Click to Skip Ad
Closing in...

Skeleton of unidentified dinosaur sells for $2.36 million to private buyer, and scientists are ticked off

Published Jun 5th, 2018 10:21AM EDT
dinosaur auction
Image: Aguttes

If you buy through a BGR link, we may earn an affiliate commission, helping support our expert product labs.

You’d think that once you find a nearly complete dinosaur skeleton most of the hard work would be behind you, but that wasn’t the case with one particular collection of fossils discovered in Wyoming a few years back. The skeleton, which is in great condition, stands nearly nine feet tall and almost 30 feet long, and it just sold to a private buyer for over $2.36 million. The only problem? Nobody knows exactly what it is.

Details surrounding the fossil are scant, and we don’t know much besides a handful of basics. CNN reports that it was removed from its stoney tomb sometime between 2013 and 2015, and that it was in the possession of a private collector before hitting an auction block in Paris.

Aguttes, the auction house that handled its sale, noted that the skeleton was examined by a pair of experts before bidding began. They came to the conclusion that the creature was similar to an Allosaurus, a Jurassic carnivore that walked upright on two legs and was similar in shape to the iconic Tyrannosaurus. Those types of dinosaurs are called theropods, and there are lots of them. However, it’s not a perfect match to the Allosaurus, meaning that it could be an entirely unclassified species that is new to science.

As you might imagine, this whole saga doesn’t sit well with many in the scientific community. Paleontologists who wish to see the skeleton formally studied, verified, and classified had called on the auction house to cancel the sale entirely so that more research could be conducted. Obviously that didn’t happen.
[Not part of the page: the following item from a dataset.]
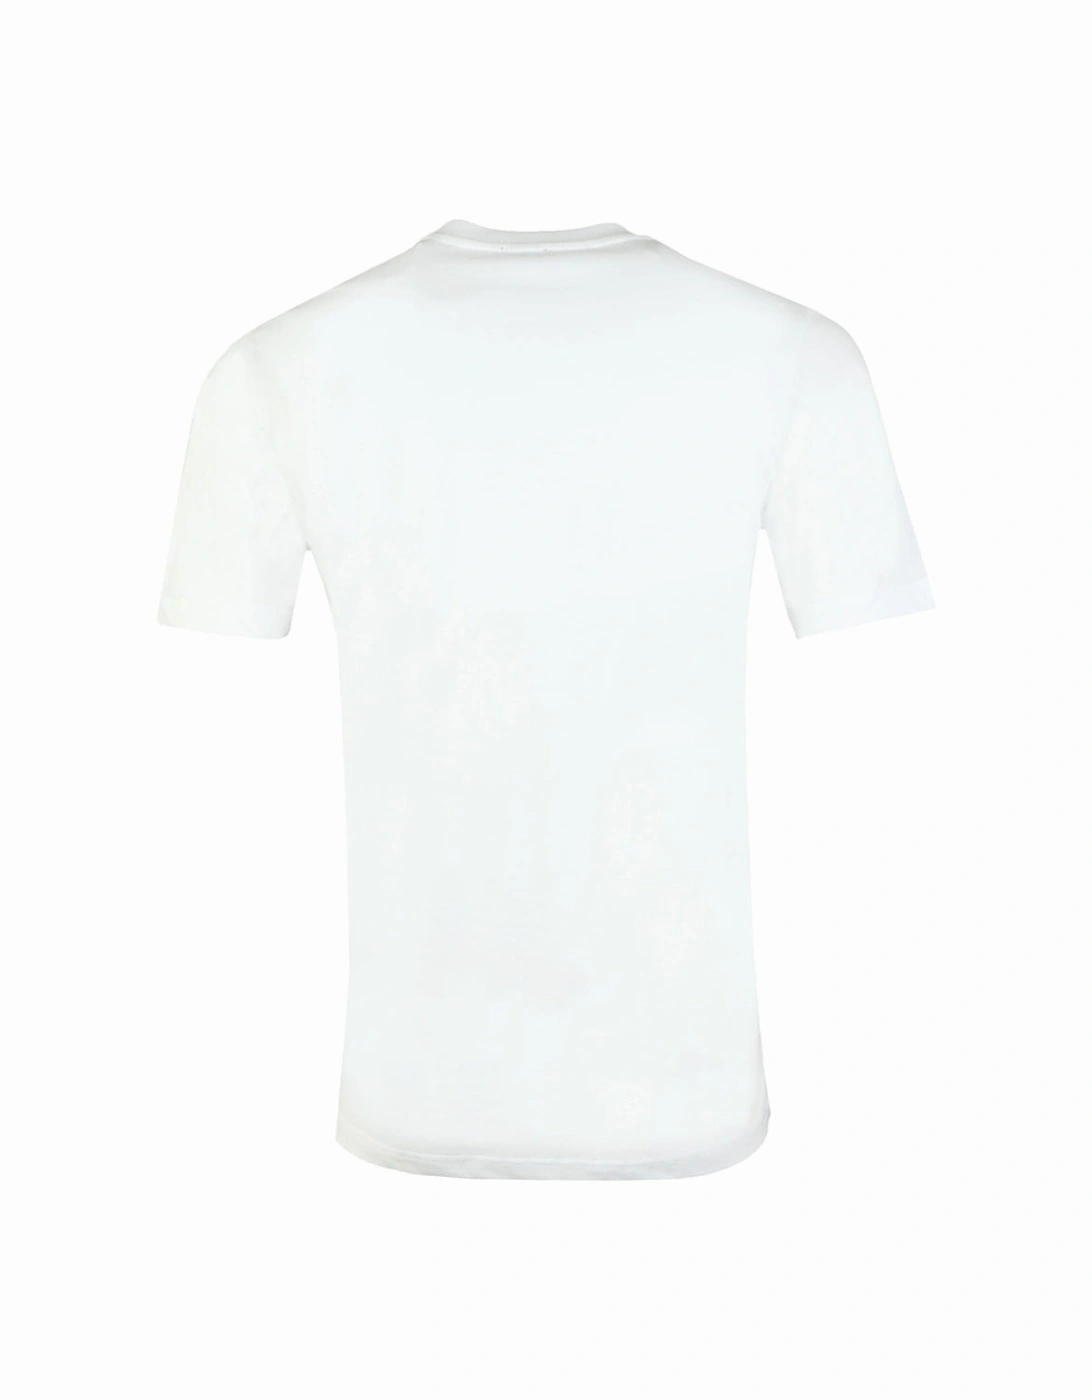 001978 White T-Shirt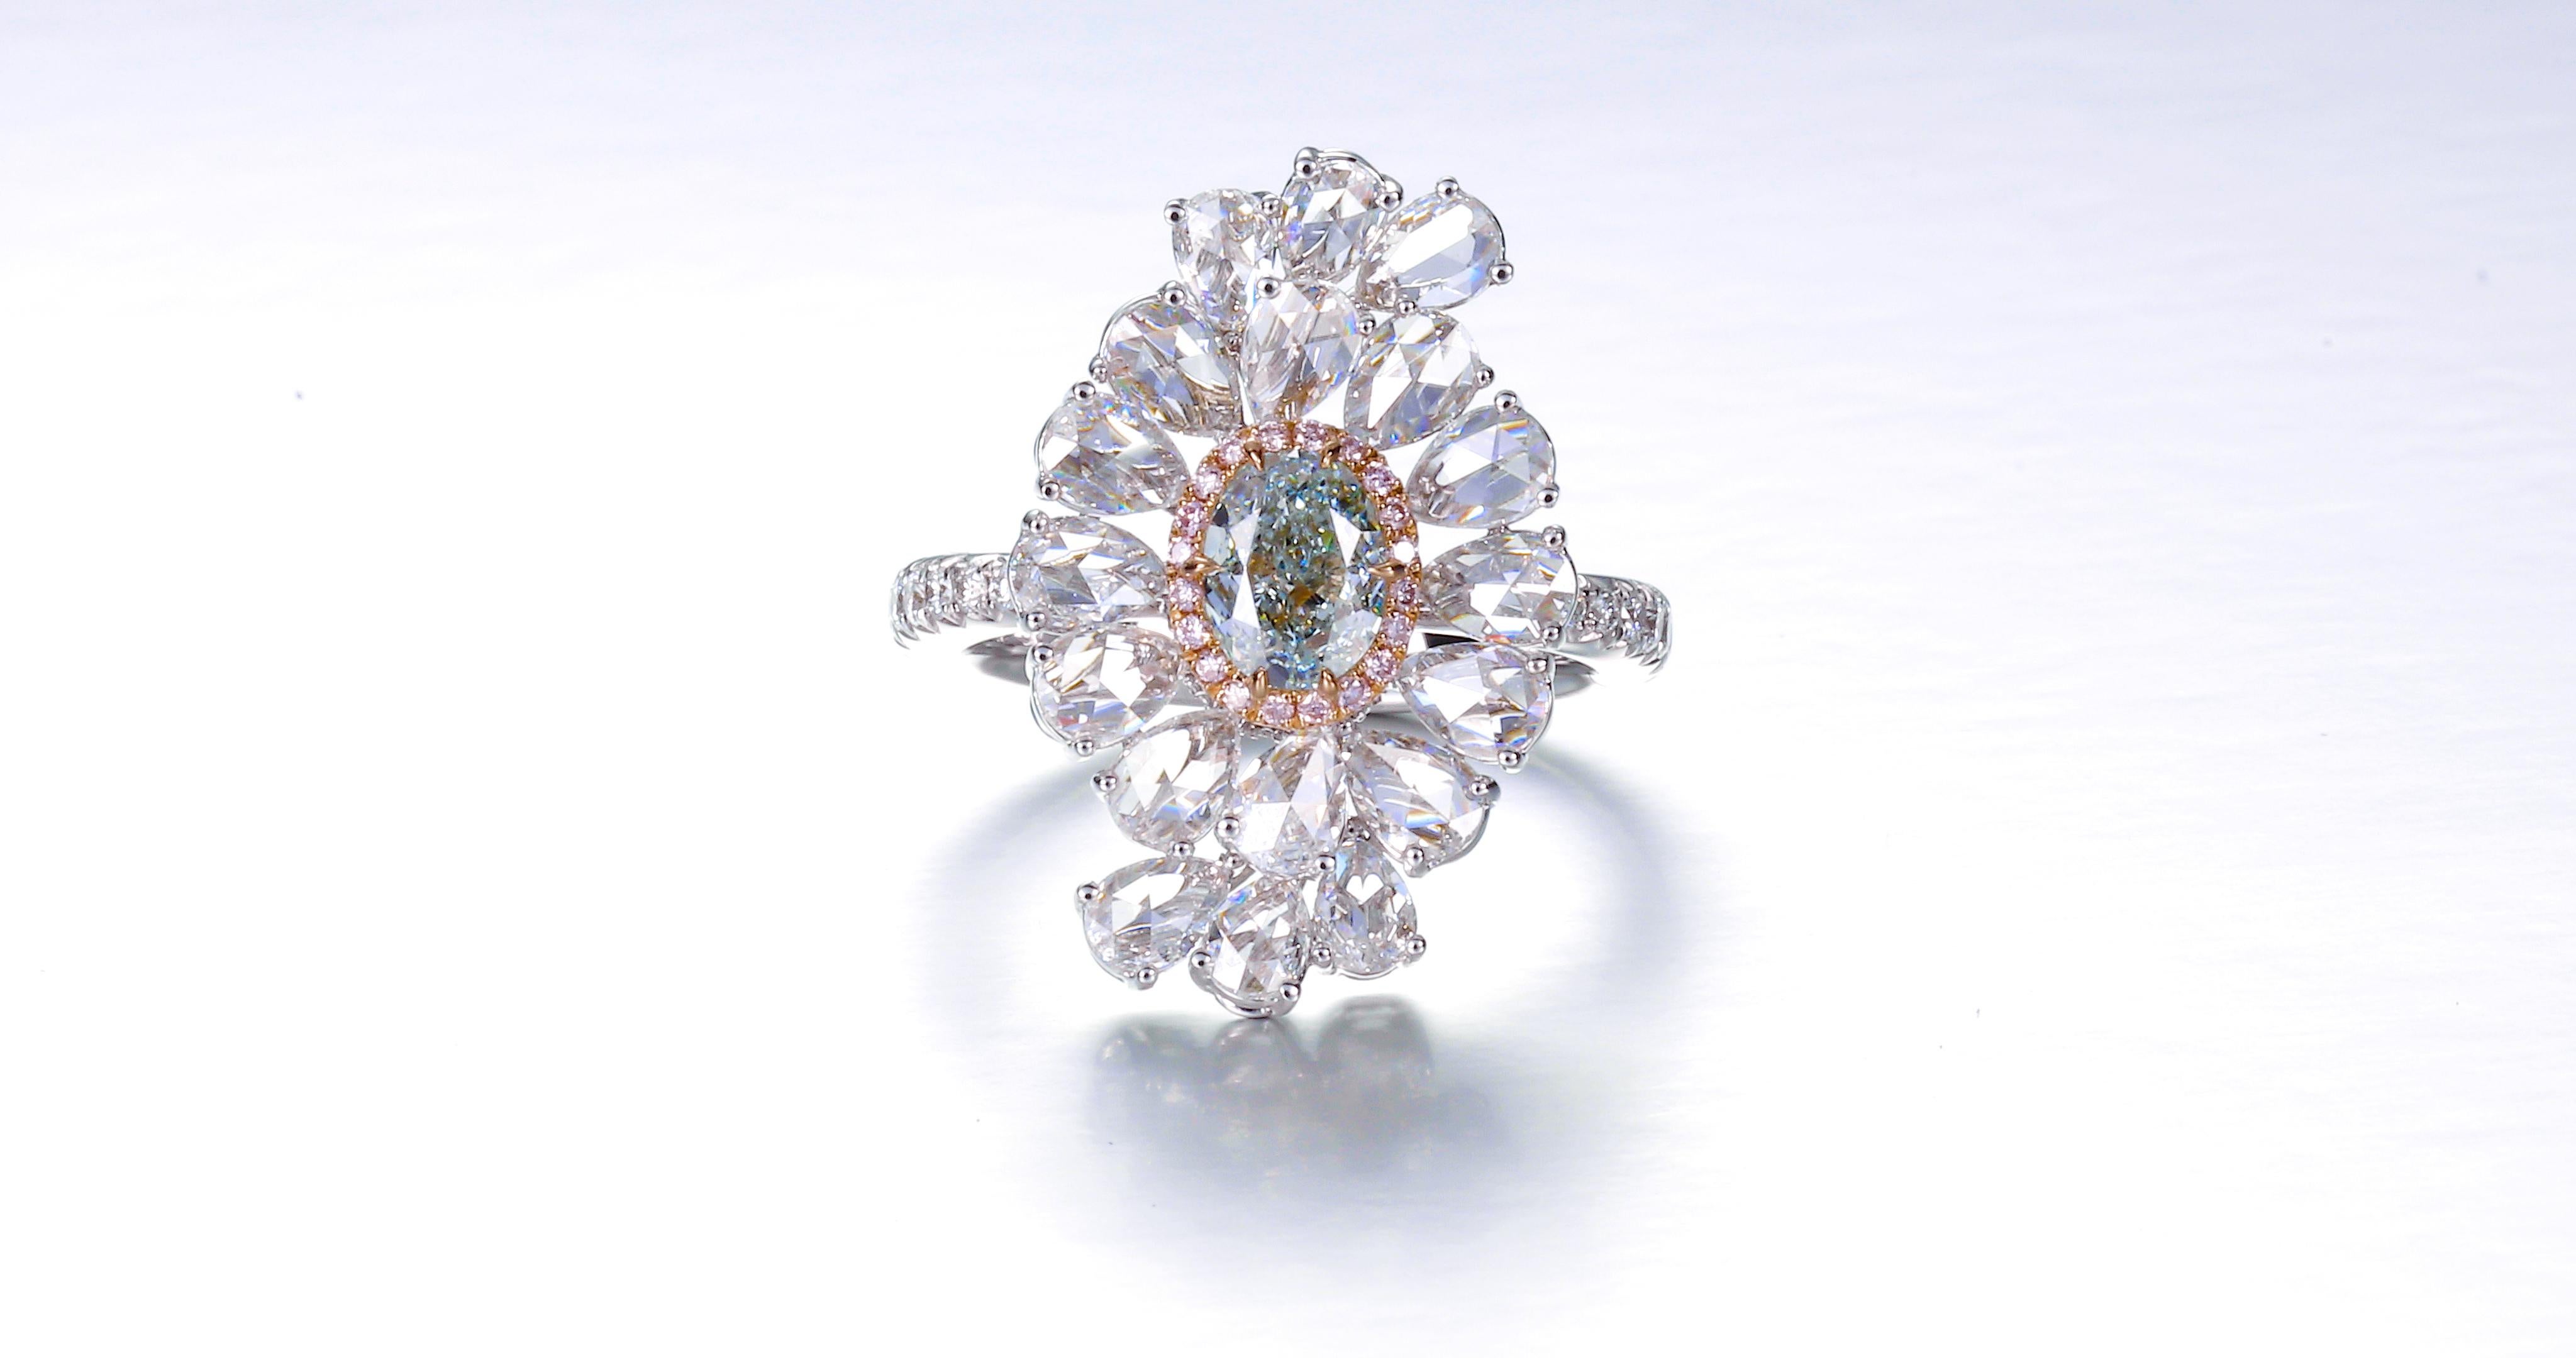 Wir präsentieren ein wahrhaft bezauberndes und hypnotisierendes Schmuckstück mit einem bemerkenswerten Herzstück - einem GIA-zertifizierten 0,83-karätigen natürlichen ovalen Fancy-Diamanten von blau-grüner Farbe. Dieser exquisite Edelstein steht im

One particular sticking point for the miffed scientists was the suggestion in the auction listing that the buyer would have permission to have the species “named after them” if they reach an agreement with a scientist who eventually determines it to be new. That’s a bit of a sleazy way to go about getting your name in the history books, but clearly someone with a lot of spare cash decided to take the leap.

Again, the fossil has yet to be verified as a new species, and there are lots and lots of theropod species that it would need to be compared to in a scientific setting before that determination could be made. If it turns out to be an already-established species, perhaps there’s a refund policy?